Multilingual post cards



As a young woman, Rita Marie Boudousquié (1886-1960) of southern Louisiana received and preserved hundreds of post cards with quick personal notes or holiday greetings from friends and family.  In 1917, she married Robustiano Bernard Ferro (1884-1965), a Cuban-born veterinarian.  Over the years, they lived in New Orleans, Lafayette, Wiggins, Kansas City, and Omaha, returning to New Orleans.   As the couple had no children, Dr. Ferro donated his wife’s early-century post card collection to Tulane University in 1965.   LaRC Manuscripts Collection 276 is the Rita Boudousquié Ferro post card collection, 1905-1937.

These post card messages are in handwritten French and/or English.  Printed Spanish-language words appear on post cards from Cuba.  The brief notes sent greetings to Miss Boudousquié on mailed picture post cards depicting scenes in New Orleans, such as streets, buildings, parks and cemeteries, as well as other Louisiana and Mississippi places, other cities in the United States, Cuba, and Europe. Many of the post cards serve as holiday greeting cards. These handwritten or typed cards, dated 1905 to 1909, were addressed to Miss Boudousquié at various places in southern Louisiana, including New Orleans, Independence, Covington, Baton Rouge, and Vacherie Plantation in Baldwin. Also included are several photographs dated 1937, added after the original donation.
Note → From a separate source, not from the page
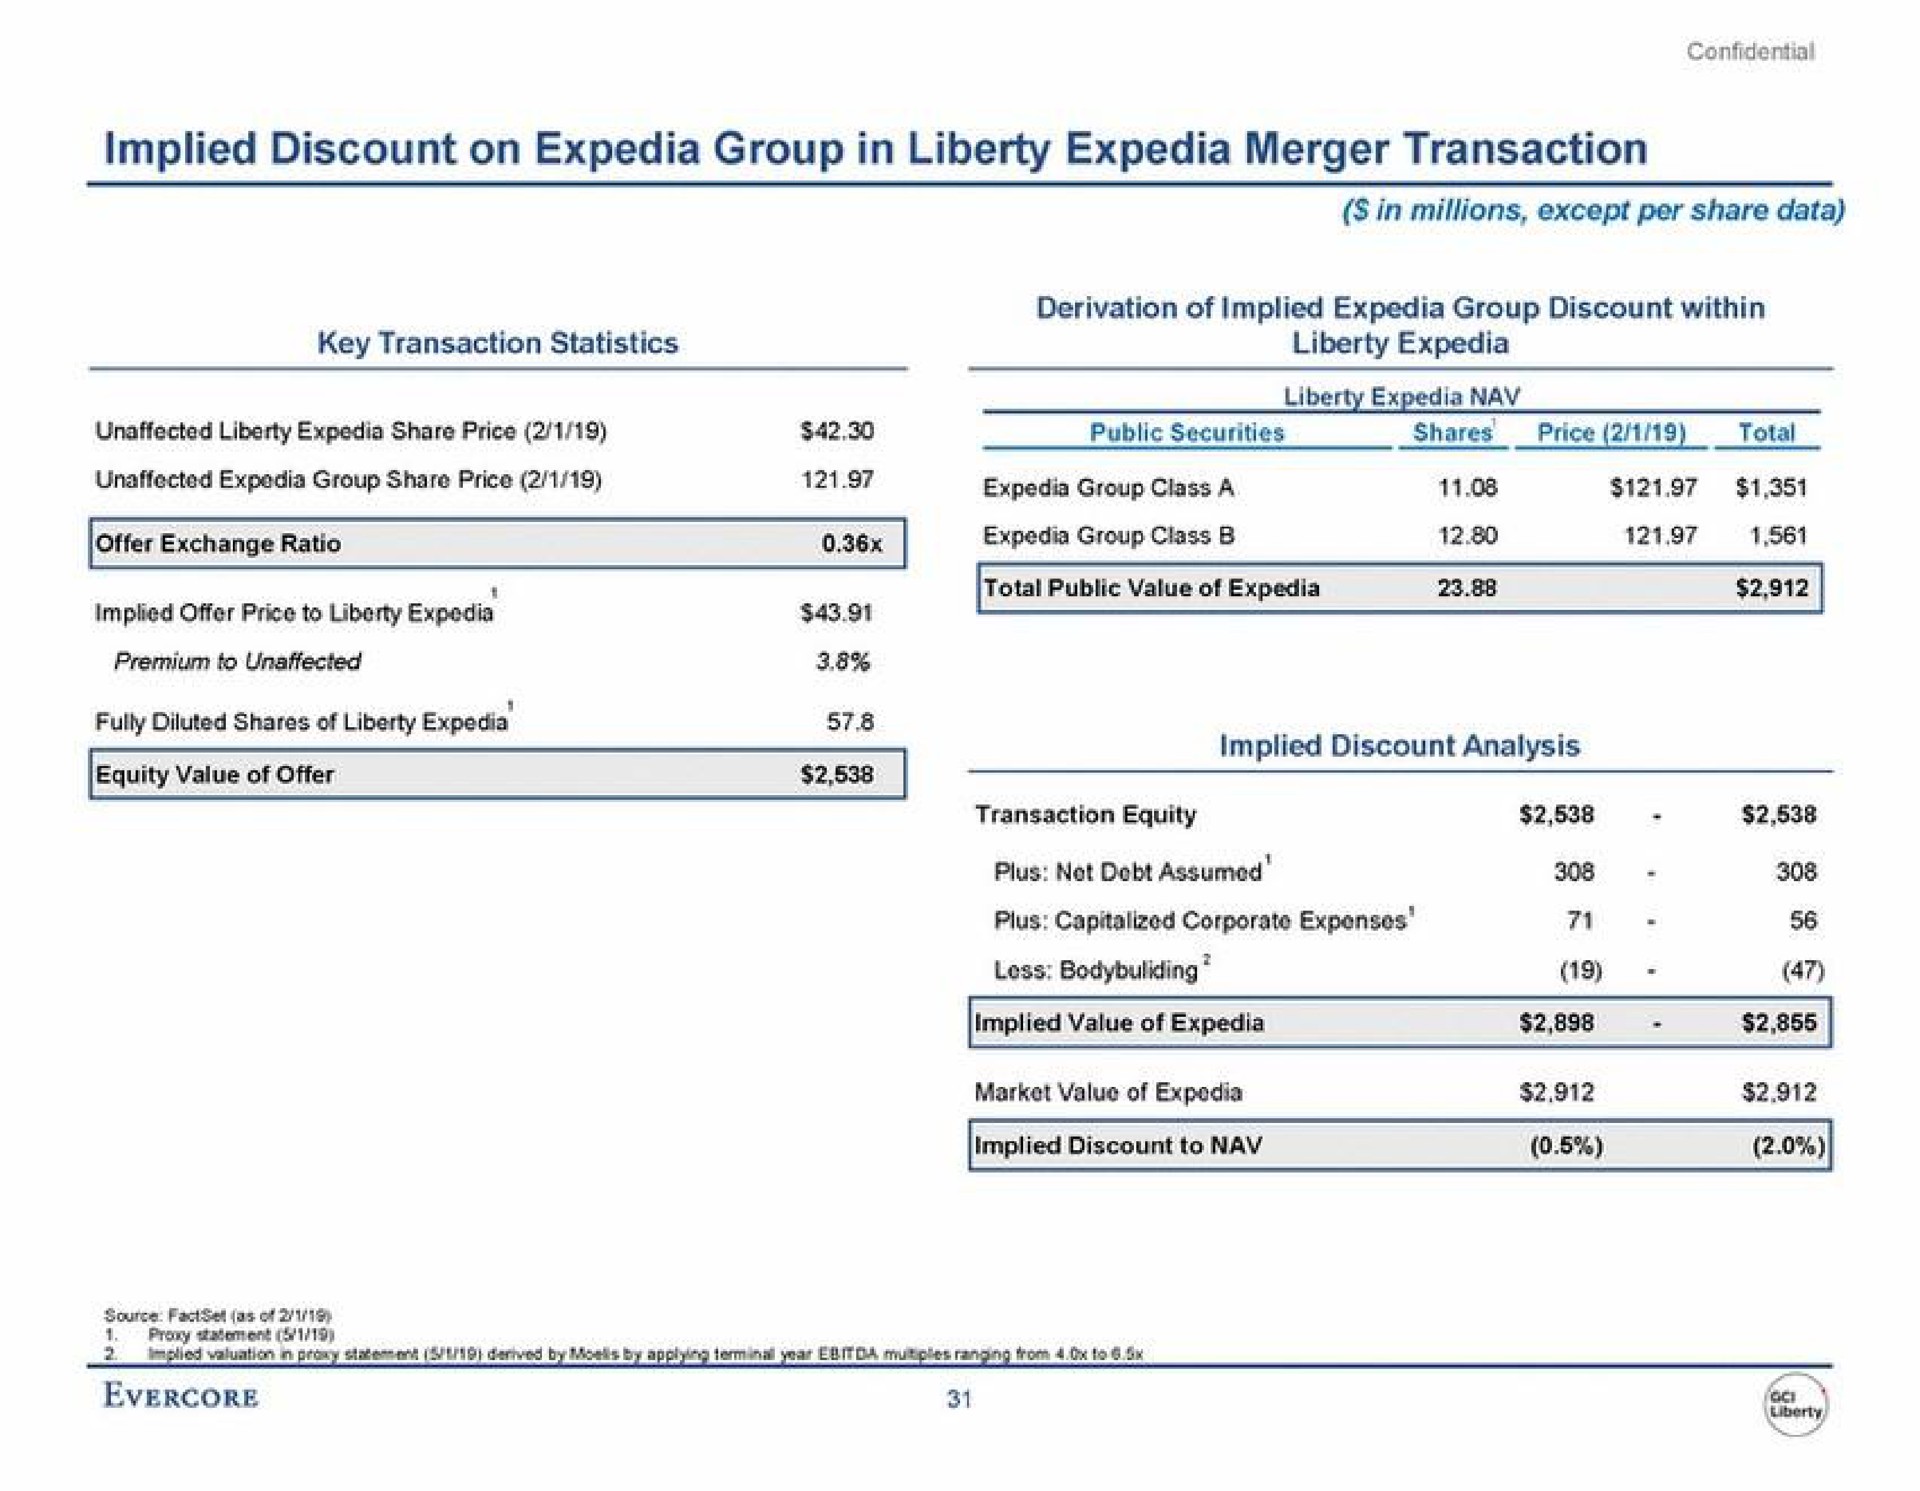 implied discount on group in liberty merger transaction fully diluted shares of liberty total public value of implied value of market value of | Evercore
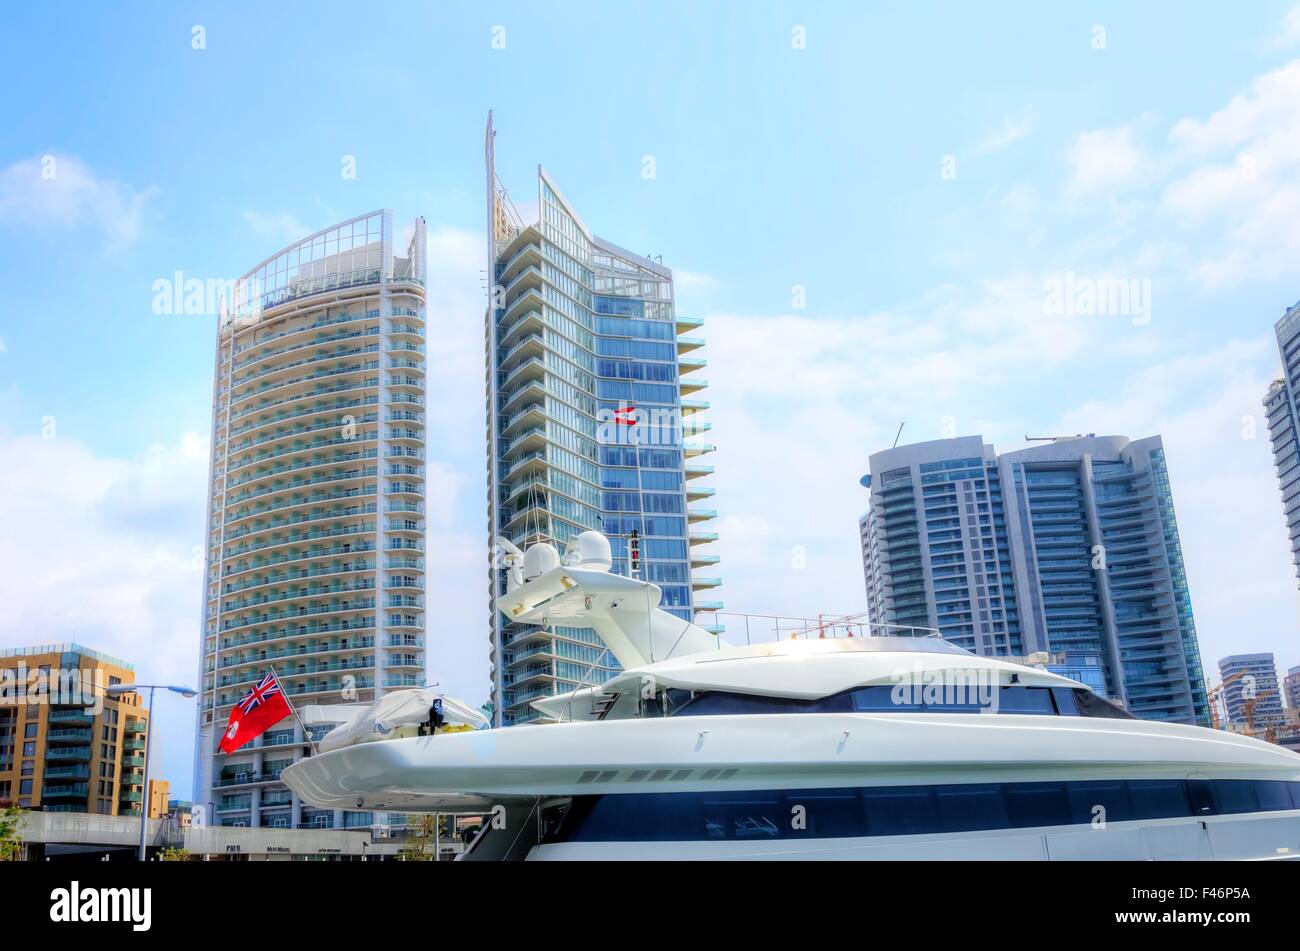 A view of a yacht and towers at the beautiful Marina in Zaitunay Bay in Beirut, Lebanon. A very modern, high end and newly devel Stock Photo

Captions:  top, post card with French message from Edmond, featuring Canal Street, mailed in 1908 within the city (Manuscripts Collection 276, box 1, folder 2); bottom,  post card mailed 1906 of the Howard Library, addressed to the Vacherie Plantation in Baldwin, La. written in French with an off-beat English post-script on the image: "Marie Gertrude states that she is glad you are gone." (Manuscripts Collection 276, box 1, folder 2).  Images of items in the Louisiana Research Collection may not be re-published without permission.